PROBLEM DETAILS :: Write the data out again exactly, dropping any images it holds.

AVAILABLE DATA ::
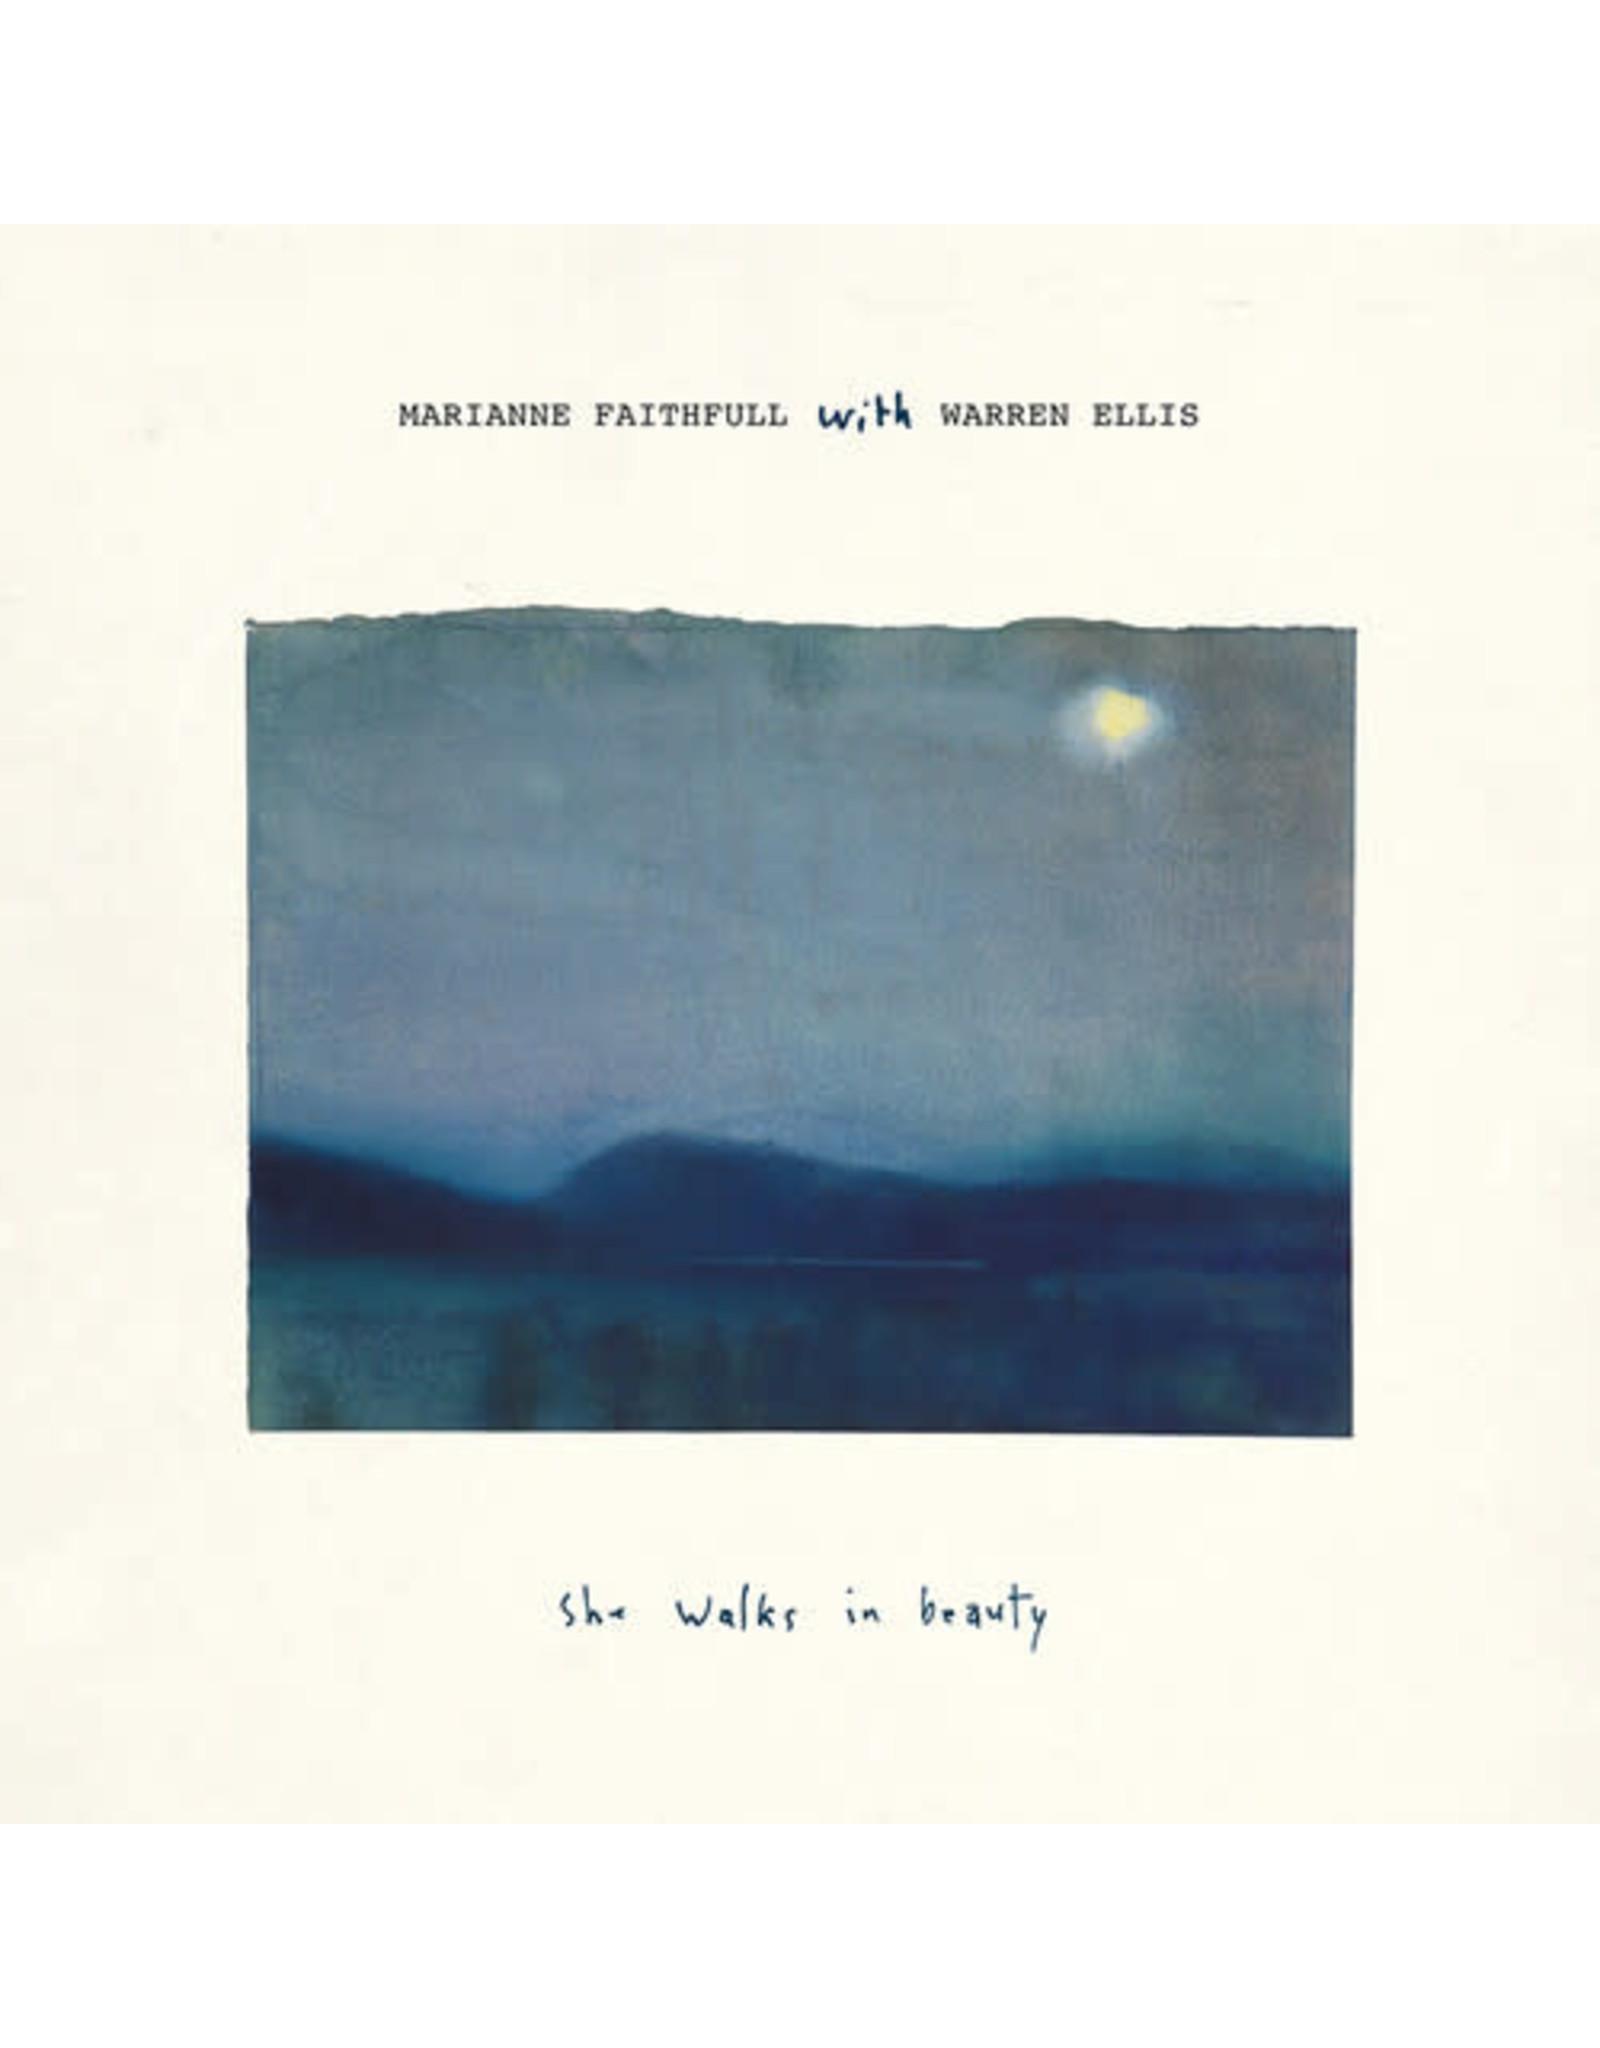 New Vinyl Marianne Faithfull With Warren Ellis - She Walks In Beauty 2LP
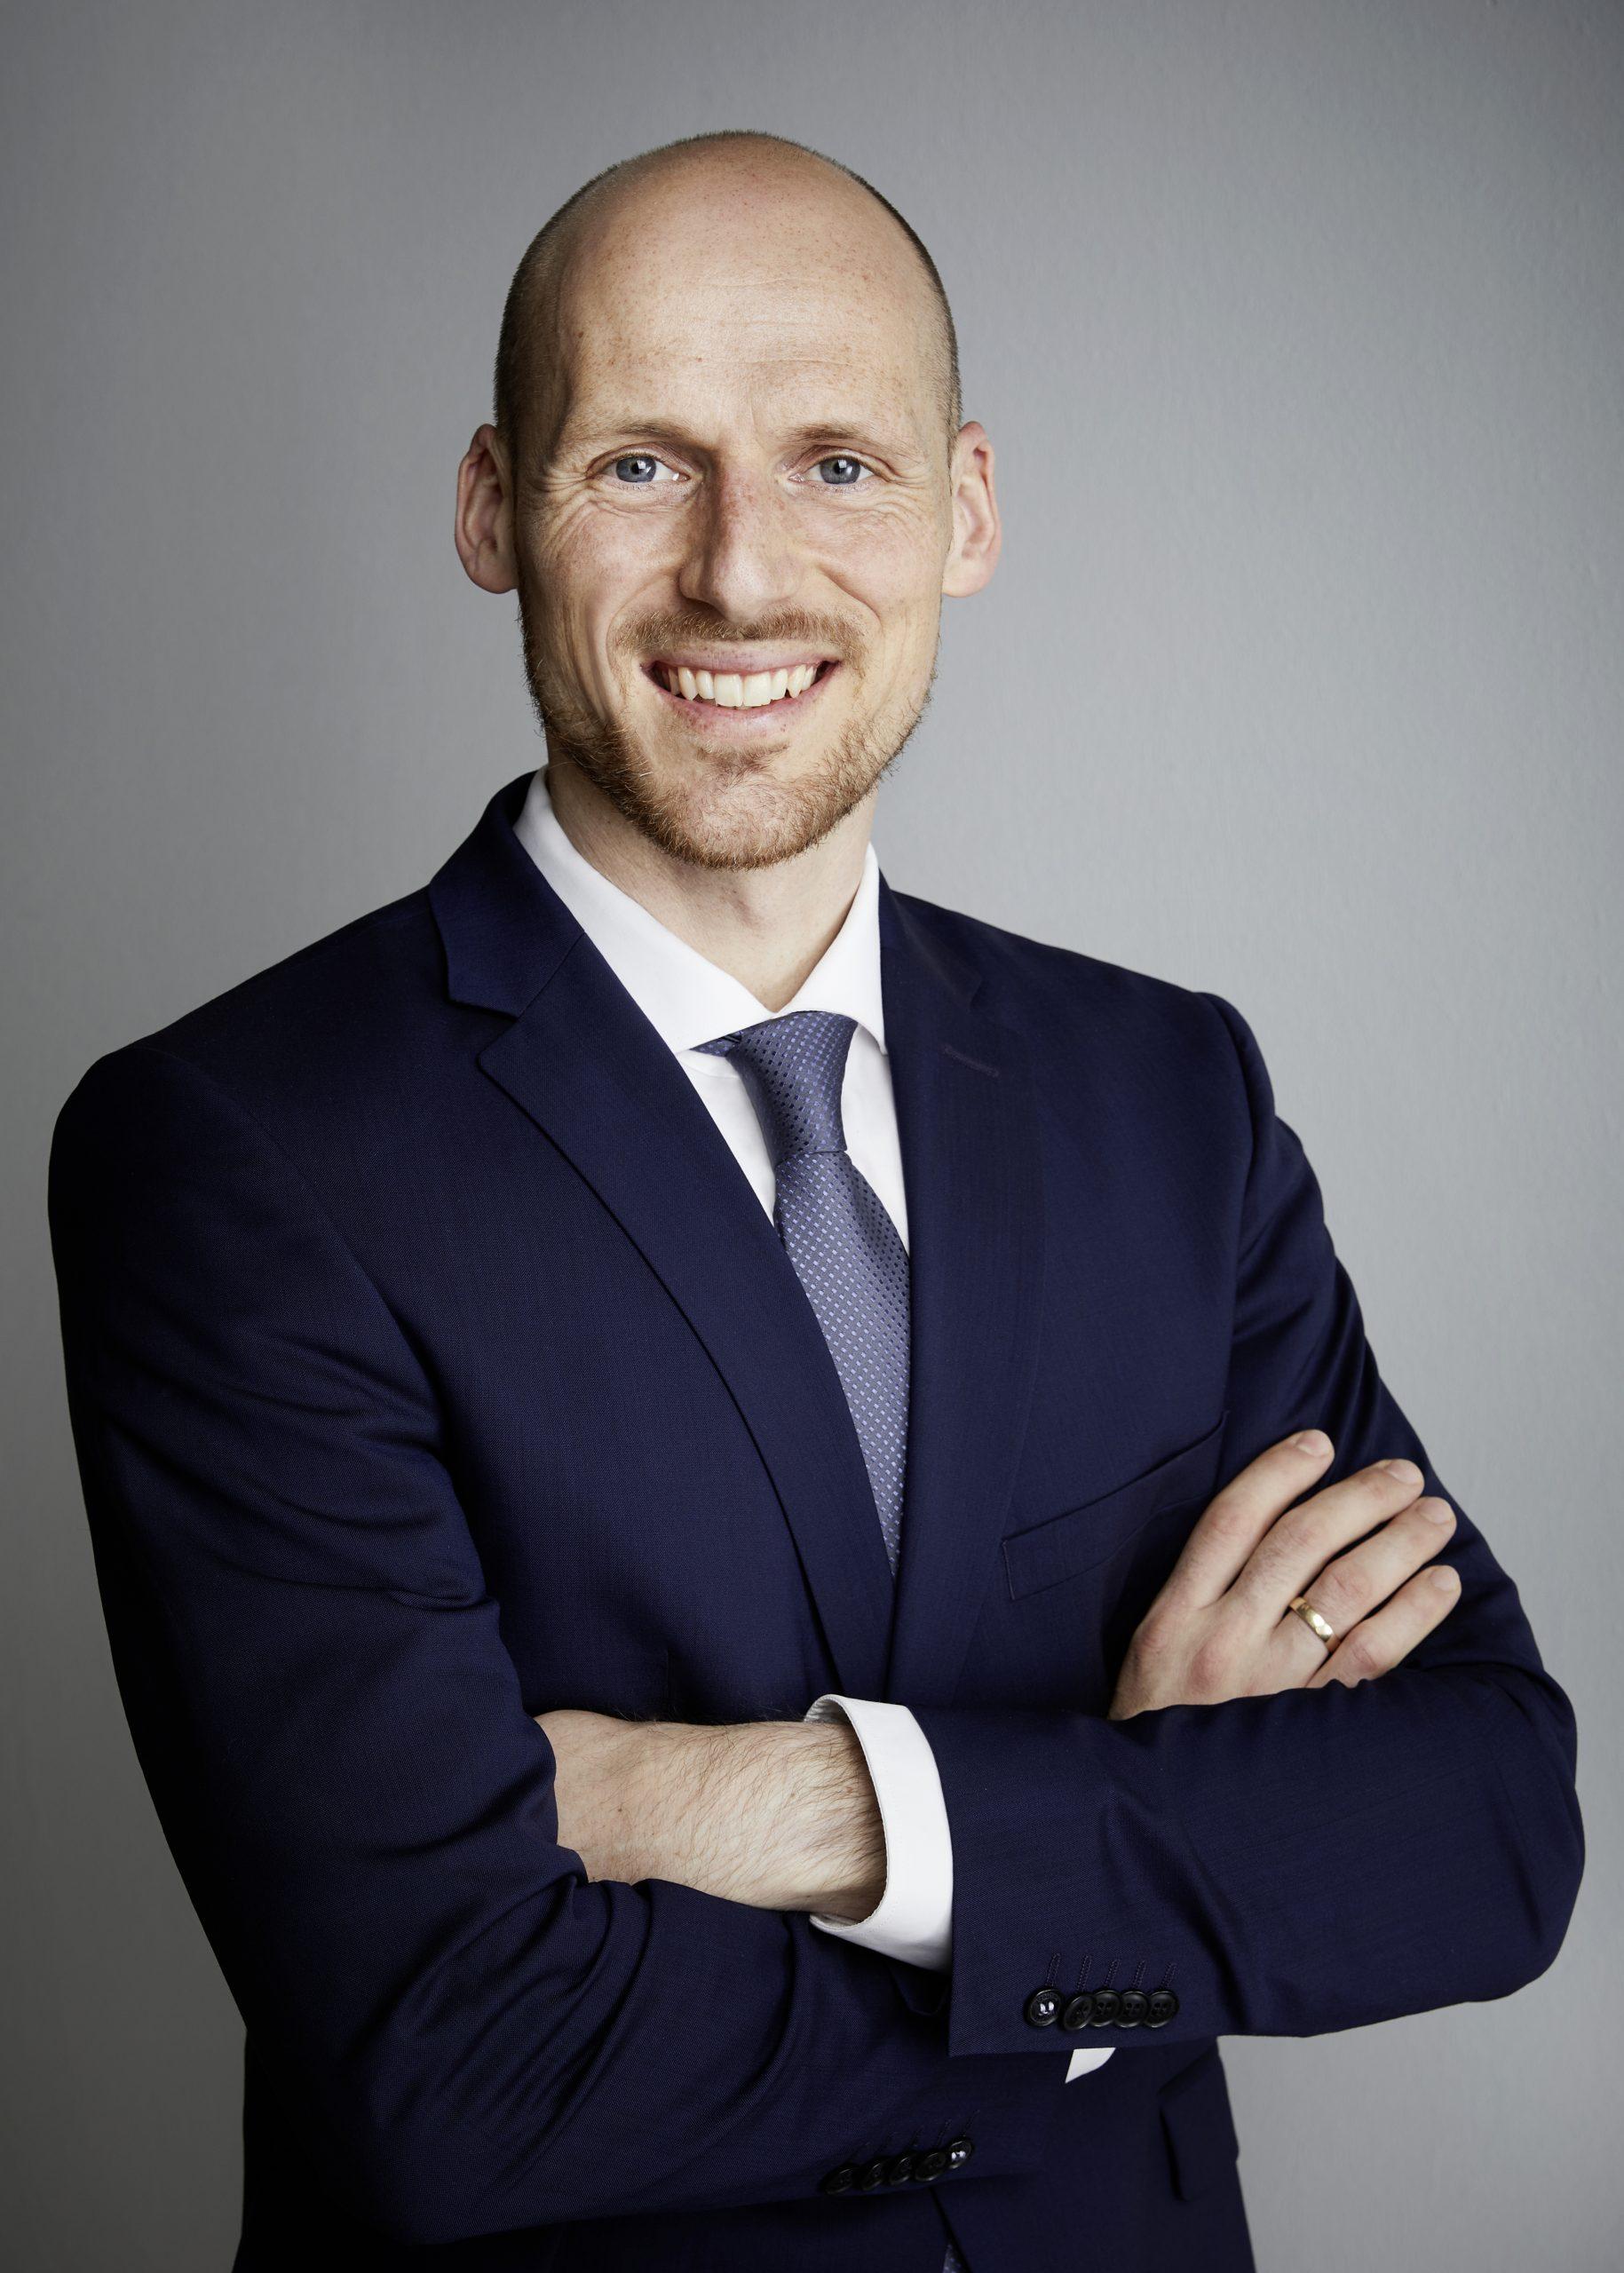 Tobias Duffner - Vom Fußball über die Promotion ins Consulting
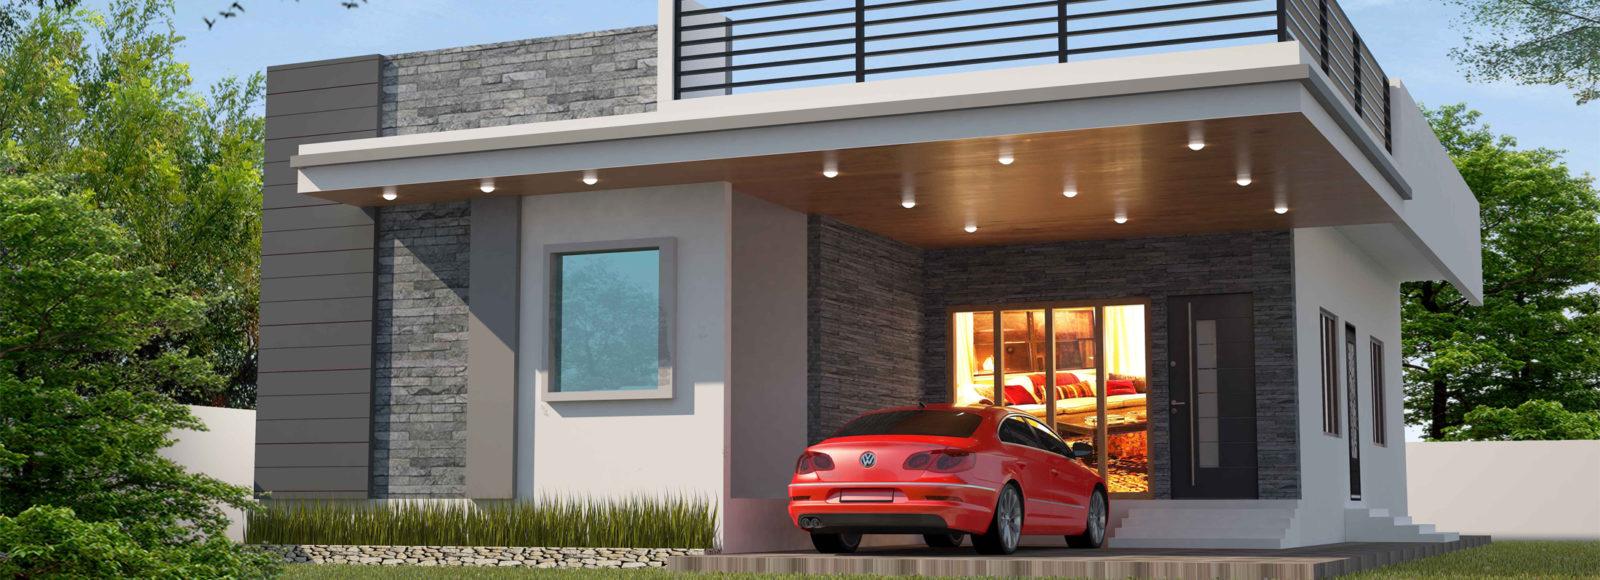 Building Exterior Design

SOLUTION FOR THIS EXERCISE ::
 New Vinyl Marianne Faithfull With Warren Ellis - She Walks In Beauty 2LP
 Tobias Duffner - Vom Fußball über die Promotion ins Consulting
 Building Exterior Design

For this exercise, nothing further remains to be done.